The Court agrees with this analysis. As the Supreme Court stated in Illinois Brick, "the legislative purpose in creating a group of 'private attorneys general' to enforce the antitrust laws under § 4, is better served by holding direct purchasers to be injured to the full extent of the overcharge paid by them than by attempting to apportion the overcharge among all that may have absorbed a part of it." 431 U.S. at 746. The antitrust laws are focused on divesting bad actors of their ill-gotten gains, not on compensating victims. Defendant's theory would leave a significant amount of the overcharge in the hands of the antitrust violator.

Defendant attempts at length to limit Hanover Shoe. Defendant argues that Hanover Shoe only precludes a defendant from showing that a plaintiff took steps in the actual world to insulate it from suffering injury. A defendant cannot, for instance, offer evidence that a plaintiff adjusts its prices to maintain a consistent profit margin, passing on any increase input cost to its customers. In this case, on the other hand, Defendant seeks to introduce evidence of the hypothetical world. That is, Defendant argues not that Plaintiffs took any steps to pass on the overcharge, but that Plaintiffs did not actually incur some of the overcharge for which they now seek compensation.

Defendant ignores the fundamental import of Hanover Shoe and its progeny: "a direct purchaser may recover the full amount of the overcharge, even if he is otherwise benefitted, because the antitrust 'injury occurs and is complete when the defendant sells at the illegally high price.'" Meijer, Inc. v. Warner Chilcott Holdings Co. III, Ltd., 246 F.R.D. 293, 304 (D.D.C. 2007) (quoting In re Cardizem CD Antitrust Litig., 200 F.R.D. 297, 313 (E.D. Mich. 2001)); see also id ("As such, Defendants' arguments that the Big Three actually benefitted from the delayed entry of Balziva into the market due to the generic bypass phenomenon are irrelevant as a matter of law, and cannot serve to demonstrate that a conflict exists between Plaintiffs' interests and those of the Big Three with respect to this litigation.").
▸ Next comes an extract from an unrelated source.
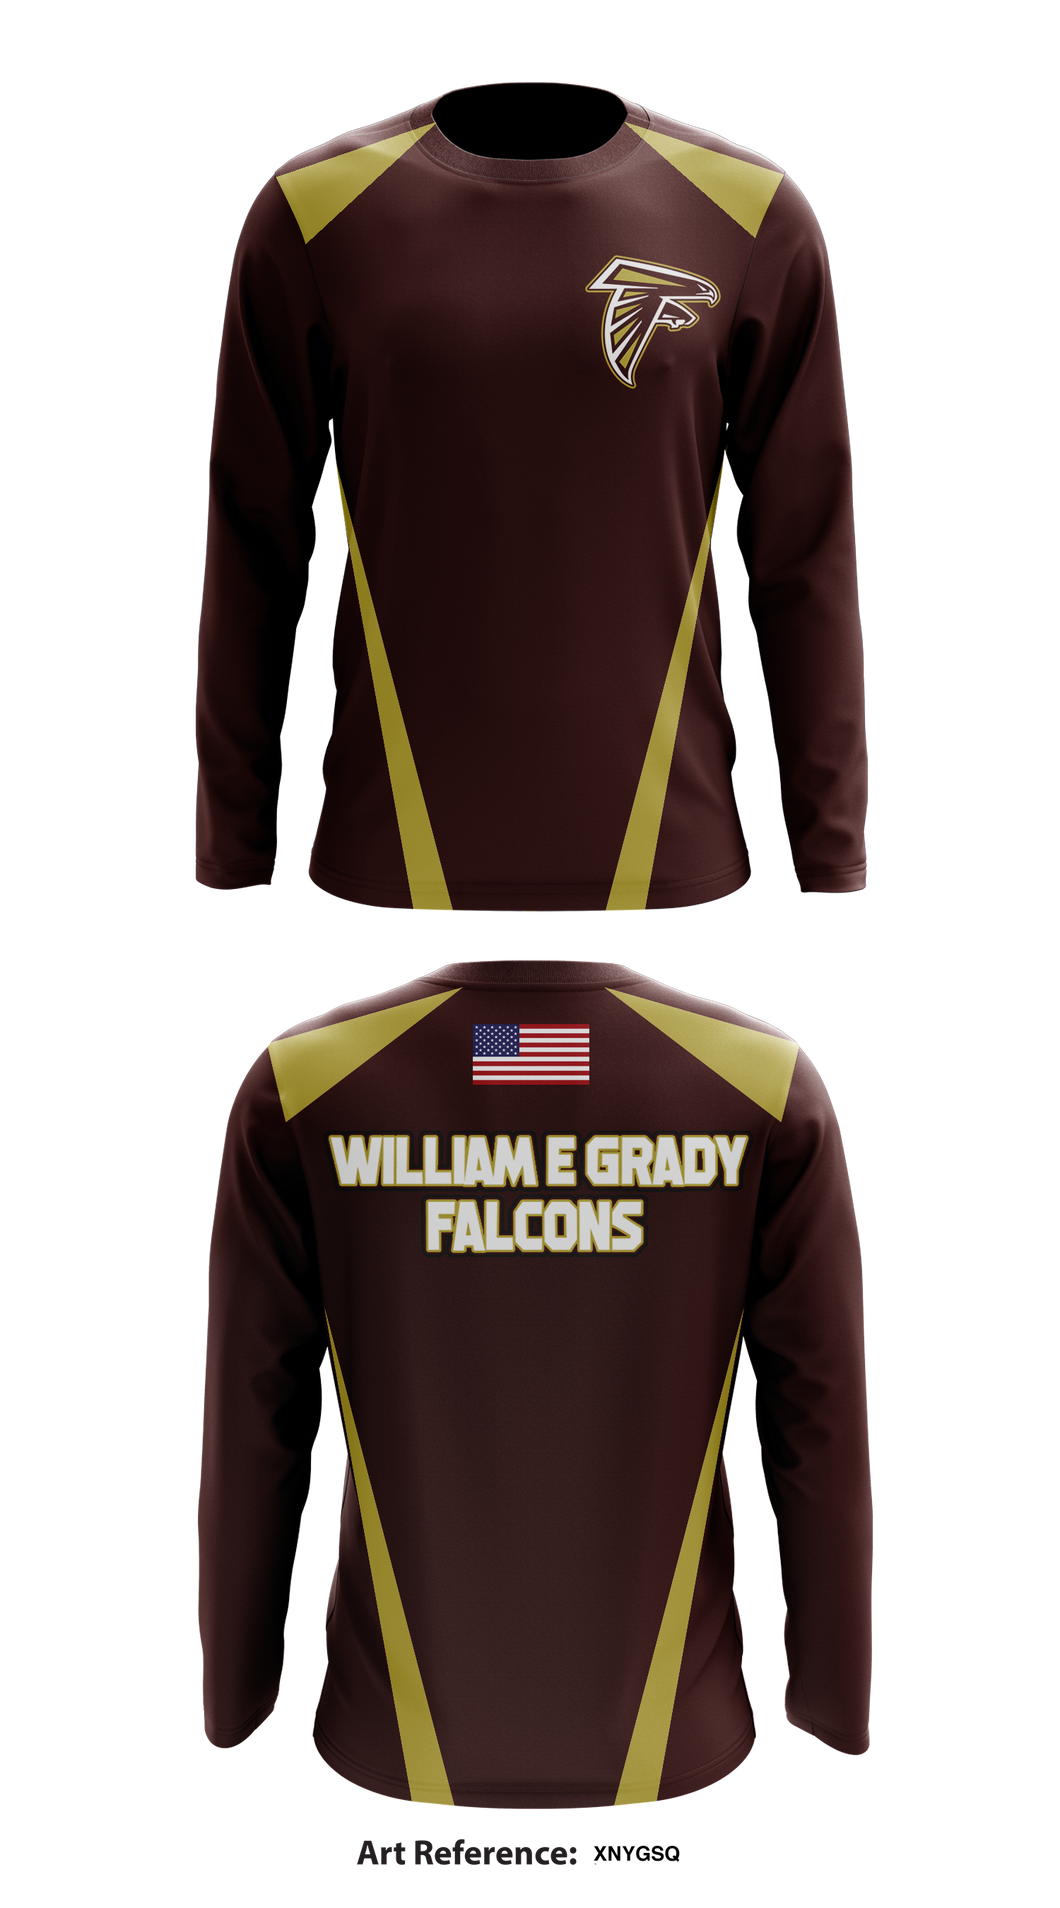 William E Grady Falcons 94595732 Long Sleeve Performance Shirt - 1

That is, the focus of the antitrust laws is limited to the anticompetitive sale. When Defendant sold the Skelaxin to the wholesalers at an allegedly anticompetitive price, the injury was complete. The jury need not hear any more. True, to calculate damages the jury must consider what the cost of the drug would have been in the absence of an antitrust violation. But Hanover Shoe and Illinois Brick make clear that courts and juries will not be forced down the rabbit hole of hypothetical issues antitrust violators may raise to minimize their liability.

Further, Illinois Brick made clear that "Hanover Shoe . . . rest[ed] on the judgment that the antitrust laws will be more effectively enforced by concentrating the full recovery for the overcharge in the direct purchasers rather than by allowing every plaintiff potentially affected by the overcharge to sue only for the amount it could show was absorbed by it." 431 U.S. at 734-35. In keeping with this principle, the Supreme Court precluded indirect purchasers from obtaining compensation for their injuries even if everyone agreed that the indirect purchasers actually suffered the harm. Under Defendant's theory, there would never be full recovery of the overcharge. Rather, a significant portion of the overcharge would go "unredressed" by federal antitrust law, as the Relafen court put it. Defendant argues vigorously that Supreme Court precedent does not stand for the proposition that direct purchasers should receive a windfall, that is, compensation for an injury they likely did not suffer. But, contrary to Defendant's argument, Illinois Brick suggests just that: the antitrust laws are much more concerned with fully divesting antitrust violators of the benefit of their violation than with any potential windfall to plaintiffs.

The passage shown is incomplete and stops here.